- [Provided material]:

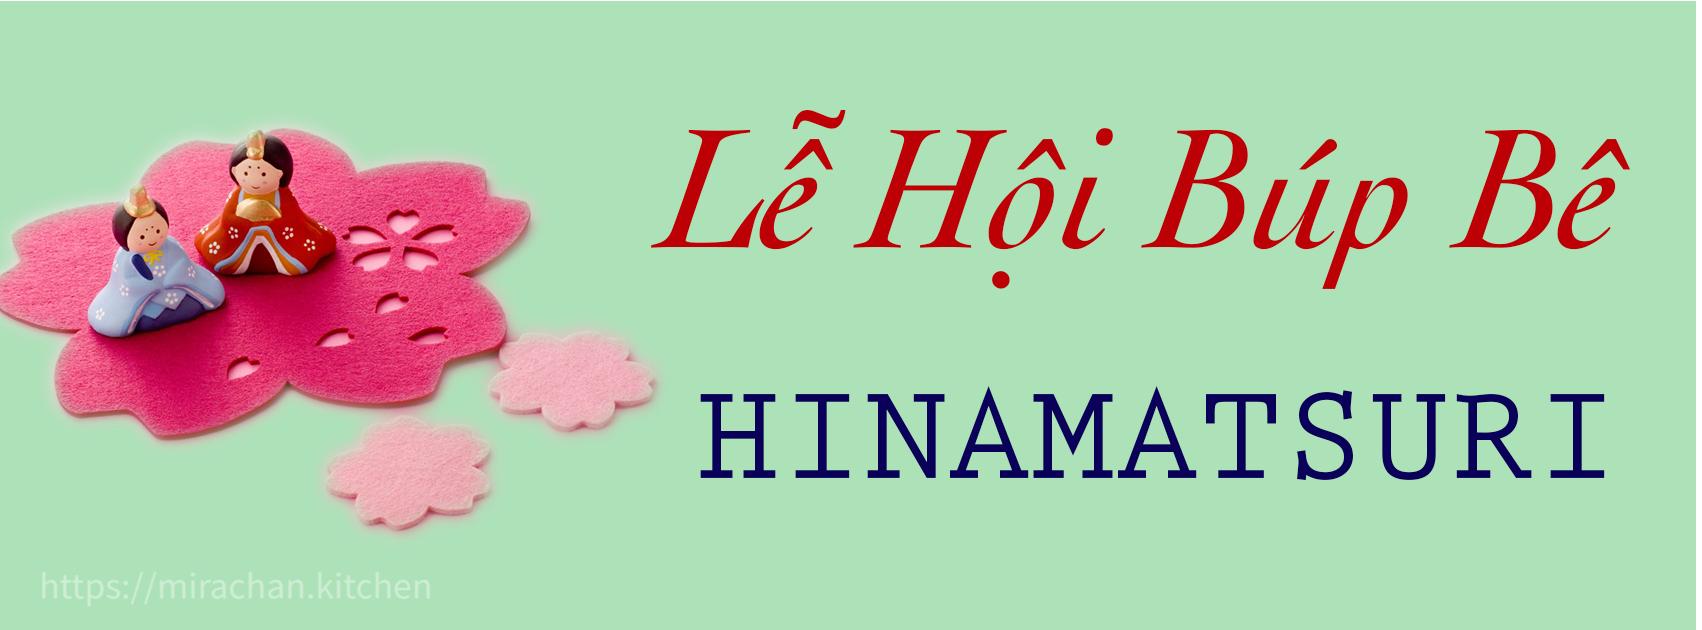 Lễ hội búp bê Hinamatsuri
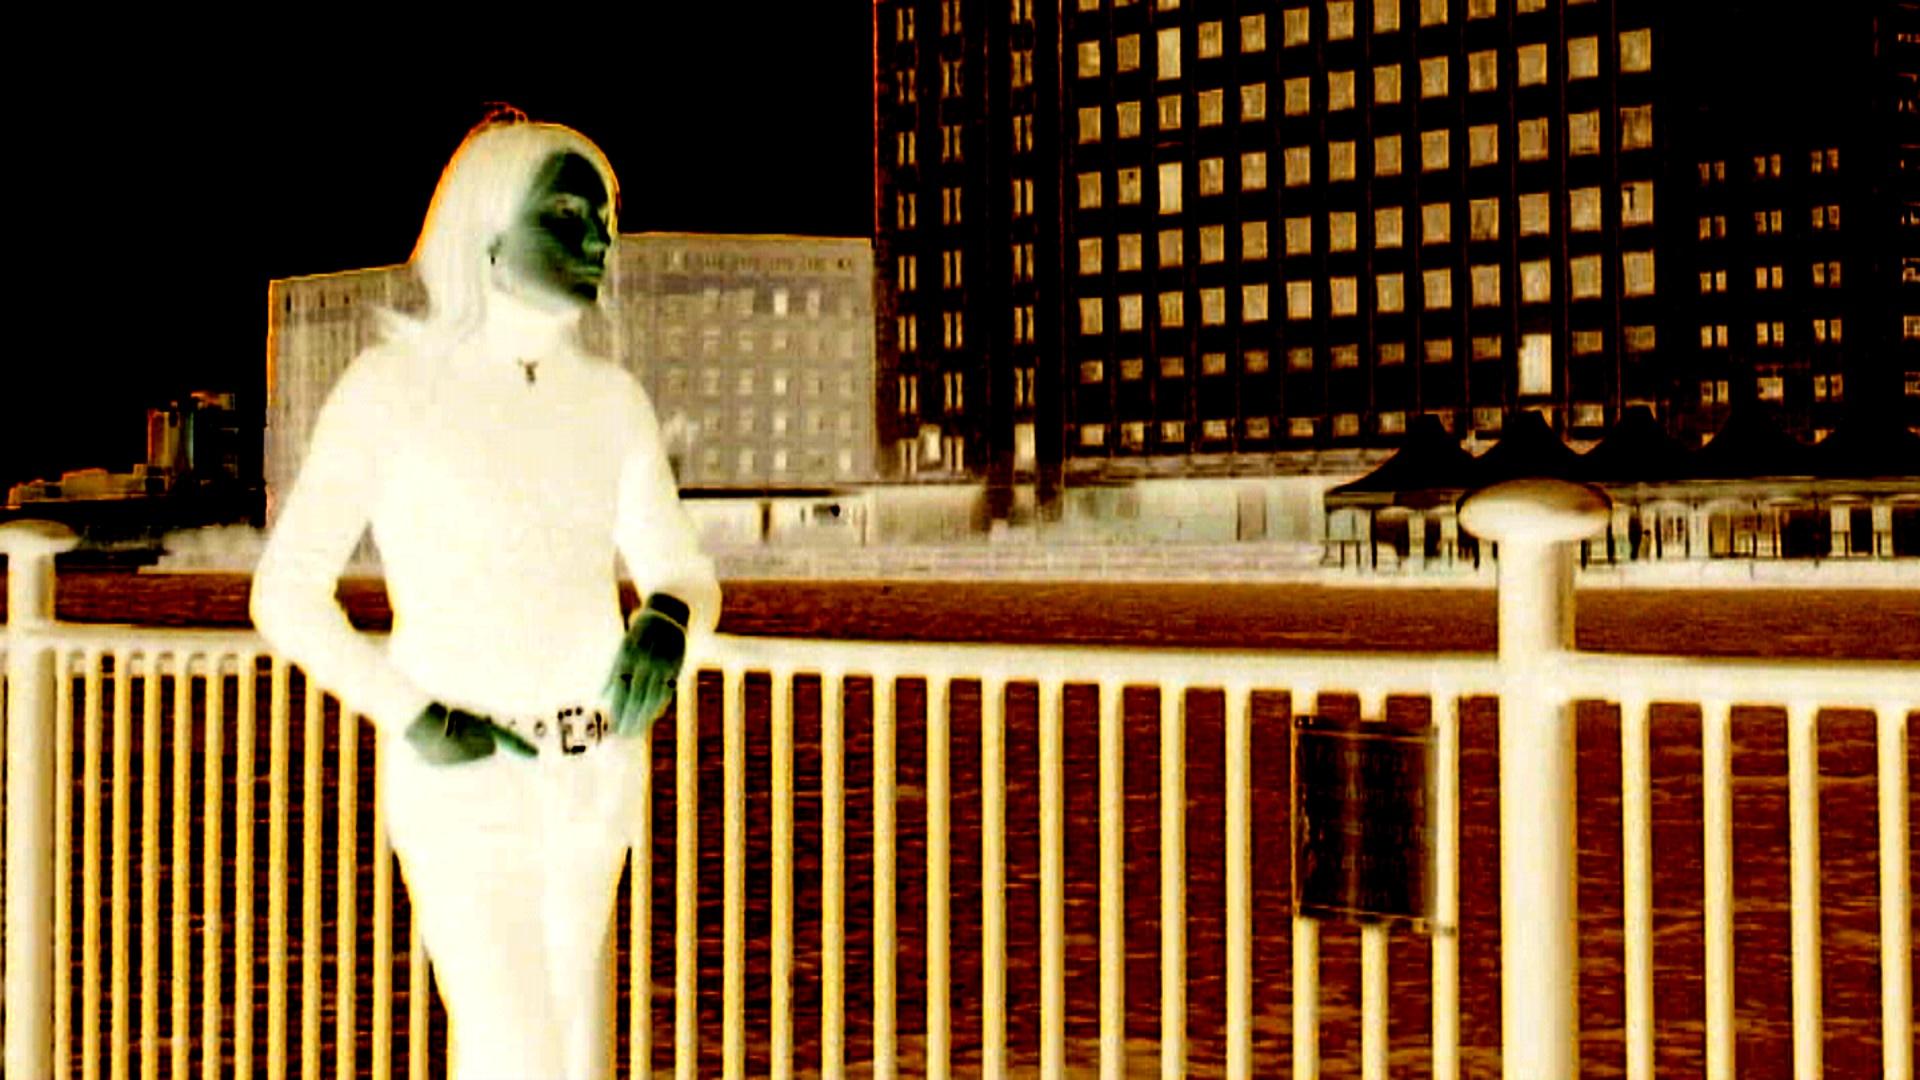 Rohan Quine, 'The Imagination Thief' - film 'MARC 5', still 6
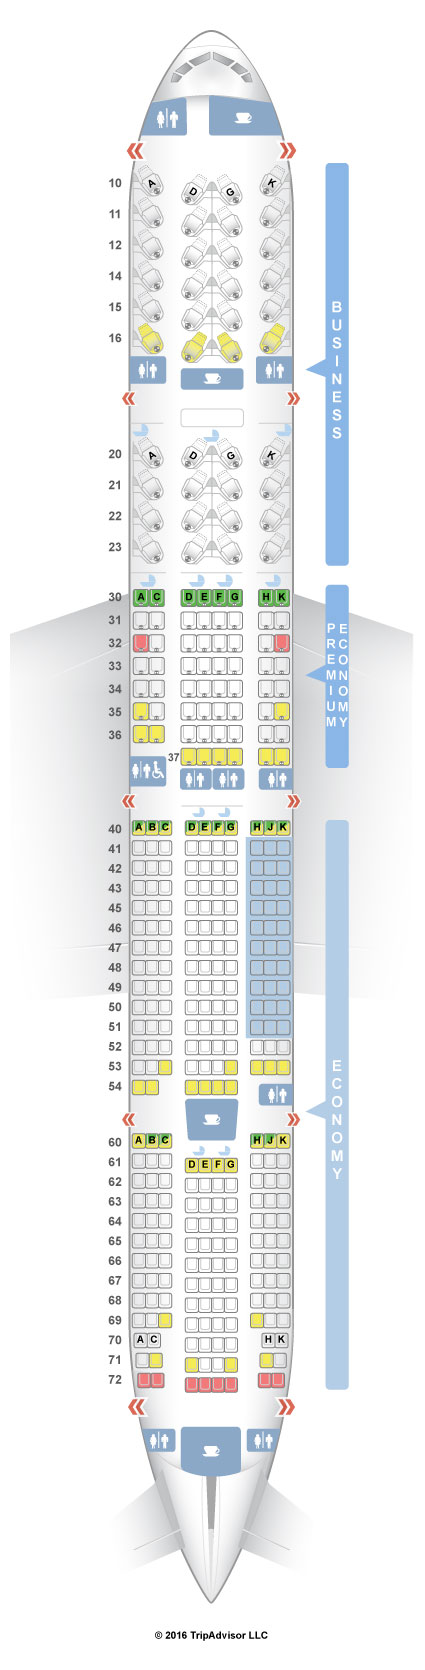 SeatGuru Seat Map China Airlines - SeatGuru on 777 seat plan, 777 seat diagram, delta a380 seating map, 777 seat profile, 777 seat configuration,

- [Task instructions]:
Copy the data verbatim, skipping any image it holds.

- [Result for this exercise]:
 Lễ hội búp bê Hinamatsuri
 Rohan Quine, 'The Imagination Thief' - film 'MARC 5', still 6
 SeatGuru Seat Map China Airlines - SeatGuru on 777 seat plan, 777 seat diagram, delta a380 seating map, 777 seat profile, 777 seat configuration,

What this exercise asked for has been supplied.